Without klogd the output is unbuffered, but only visible on the console. klogd
intercepts this "port" and can redirect it to file or to the syslog-deamon, filter
it, find symbols for oopses (but only for the harmelss non-"Aieee-scheduling in
interrupt"-ones) and so on. And since it is an extra process, it may not live
anymore after a hard oops...

--

         http://wwwbode.in.tum.de/~acher
         "Oh no, not again !" The bowl of petunias

 
 
 

2x 120 GB IDE + NFS server = crash

Post by Mykroft Holmes I » Mon, 27 Jan 2003 13:53:13




>> what controller are you using?

> The crashes were reproducible with both Gigabyte GA-7ZXE (VIA KT133A
> chipset) and GA-7VAX boards (VIA KT333 chipset).

>> Have you tested it, by producing heavy load on both harddrives from the same
>> machine

> Local tests consisted of two concurrent tasks, each reading ca. 70 GB
> from a different disk. These tests always worked allright.

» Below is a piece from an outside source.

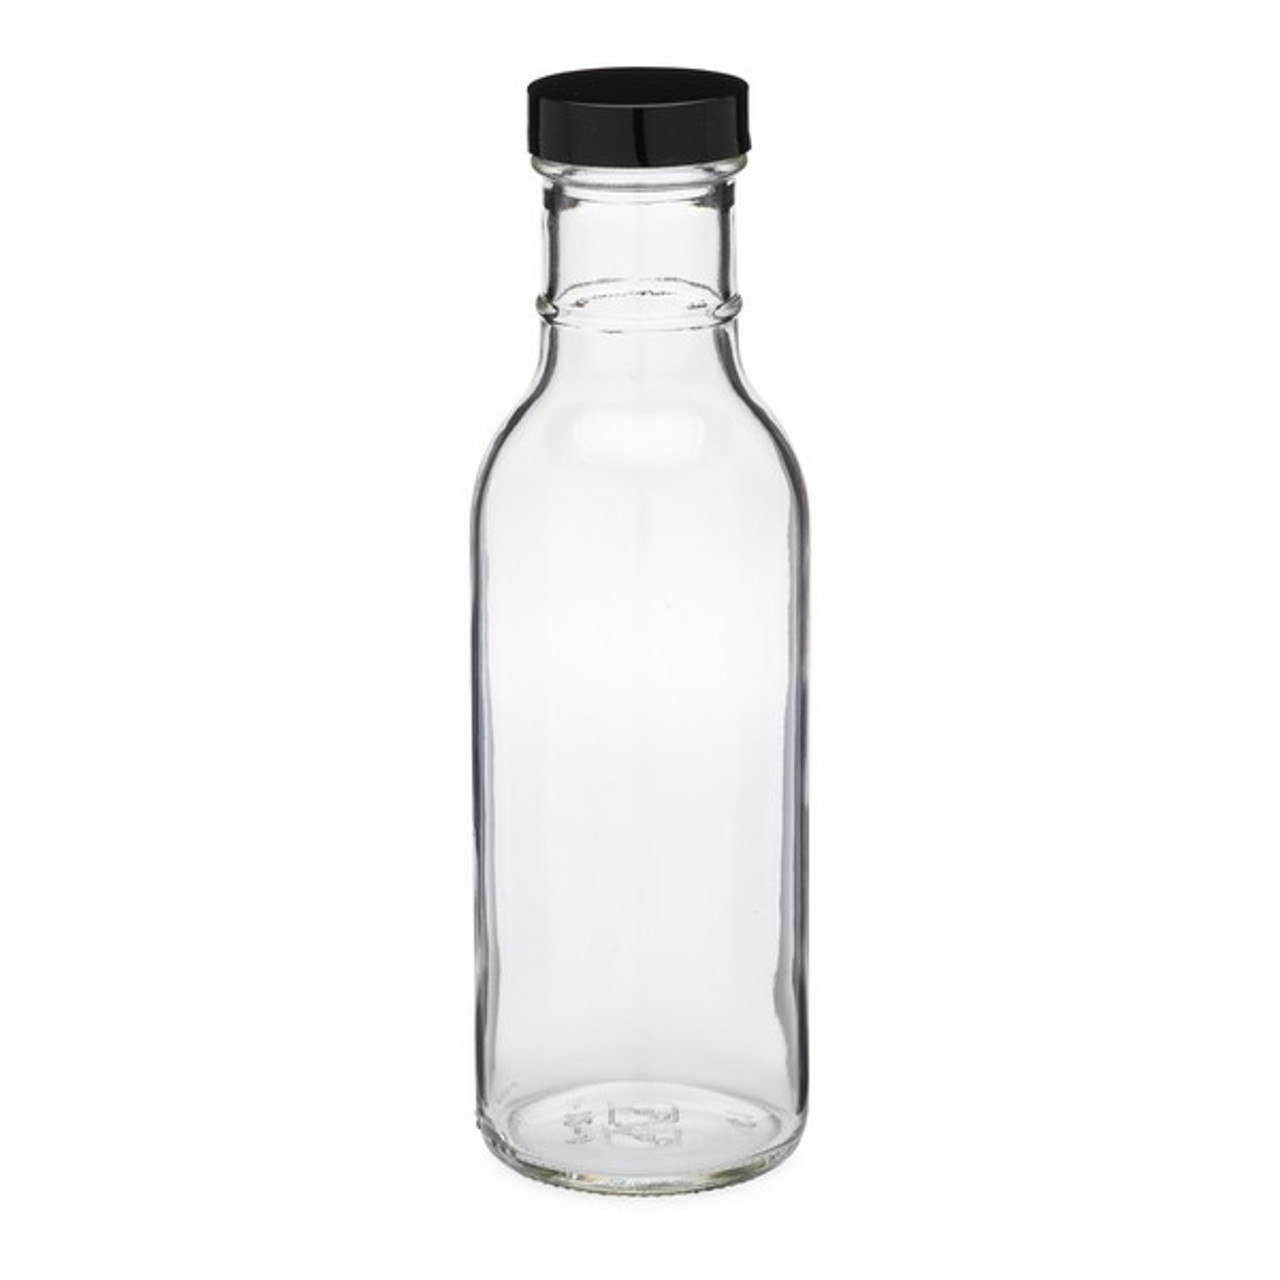 12 oz Clear Glass Ring Neck Bottles (White PP Cap) - 12/Case, Clear Type III 38-400

> Remote tests consisted of two concurrent clients, each reading ca. 70
> GB from a different disk over NFS. These tests always crashed the
> machine.

> Remote tests where both clients would read the same ond only disk on a
> controller worked allright, too.

> Cheers, Steve

Likely you've run into a combination of an IDE design flaw and nfsd being
picky. IDE doesn't handle two devices on the same channel well (In fact
it's truly bad when you hit 2 devices on the same channel hard). NFS is
very picky about disk access (Read some of the horror stories about what
happens in a lab with a lot of cross mounted shares when a NFS server
dies. the entire lab will lock up hard).

NFS also has a bad habit of taking out systems when it borks. Note that
FreeBSD's NFS implementation handles high loads better than the Linux
implementation (Unfortunately, FreeBSD's ATA driver doesn't seem to be
quite as good as the latest version of Linux's)

The solution is to either put the drives on individual
channels/controllers or go SCSI. SCSI's support for Tagged Command Queues
 and better overall design allows it to handle high loads to multiple
devices on the same bus where IDE falls down.

Adam

 
 
 

2x 120 GB IDE + NFS server = crash

Post by Steve Schmi » Tue, 28 Jan 2003 19:55:54


Quote:> You have to cultivate your BOFH ;-)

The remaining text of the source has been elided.